The following parameters were used to evaluate this component: Body Posture (BP) Manual material handling (MMH) Prevalence, severity, and disabilities caused by musculoskeletal disorders (WRMSDs) Muscle fatigue (MF) Energy consumption (EC) or work physiology (determining the amount of energy consumed in each job based on past empirical studies) Biomechanics and anthropometry
2.1.2.2. Cognitive ergonomic: This ergonomic component studies human, work, and environment interactions cognitively. Cognitive ergonomics focuses on designing the interaction between humans and work settings according to the mental limitations of the user. Cognitive ergonomics studies perceptual processes (such as recognizing patterns, and central cognitive processing (such as decision-making, problem-solving, memory, and sensory-motor processes)) [21].

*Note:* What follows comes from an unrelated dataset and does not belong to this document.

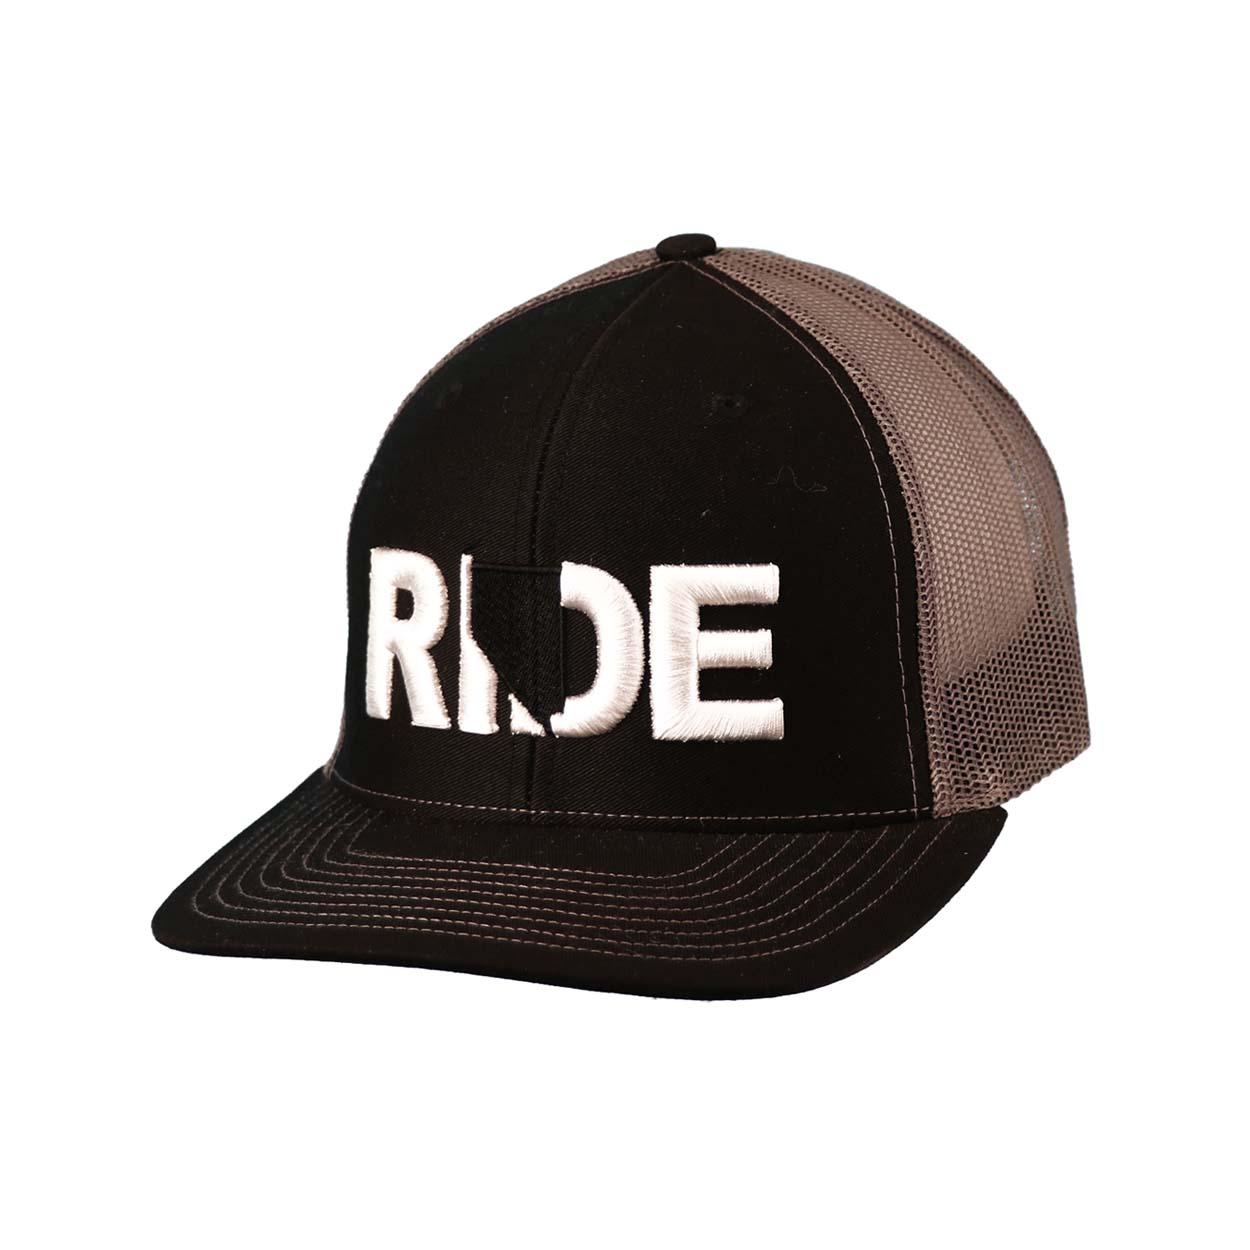 Ride Nevada Classic Embroidered Snapback Trucker Hat Black/White

The following parameters were used to evaluate this component: Mental workload (MW) Occupational stress (OS) Sleep quality (SQ) Burnout Cognitive failure (CF)
2.1.2.3. Environmental ergonomics: It is a branch of ergonomics that studies the work environment’s harmful physical agents, the degree of desirability, and their impact on human performance [22].
The following parameters were used to evaluate this component: Sound in the workplace Vibration in the workplace Workplace lighting Heat stresses in the workplace Work in confined space
Delphi study
The Delphi method and Analytic Hierarchy Process (AHP) were used to complete the list of measured parameters according to the industry and the weighting of criteria and sub-criteria. The Delphi method is a structured communication methodology or technique initially developed for prediction based on the opinion of experts. The basis of the Delphi method is that the idea of experts in any scientific field about anticipating the future is the most correct. Participants in the Delphi study included 5 to 20 individuals [23]. After selecting the parameters affecting the ergonomic index in this study, a Delphi questionnaire was designed. In the present study, to adequately integrate the majority of the country’s specialists, the opinions of 30 experts with master’s and doctoral degrees were collected in the fields of occupational health, ergonomics, occupational medicine, and physiotherapy and working in 25 universities and 15 large power plants and manufacturing industries in three stages of Delphi study. In the first phase of the Delphi study, experts were asked to comment on the model’s overall structure, and if they had other components or parameters in mind in this stage, the model’s overall design was approved. In the second stage, experts were asked to prioritize components and parameters according to their importance. In the third stage, the second stage results were provided to the panel, and they were asked to comment on any changes in their indicators and priorities. It was found that the results of the third stage did not differ significantly from the second stage, and therefore the Delphi study was completed in three phases.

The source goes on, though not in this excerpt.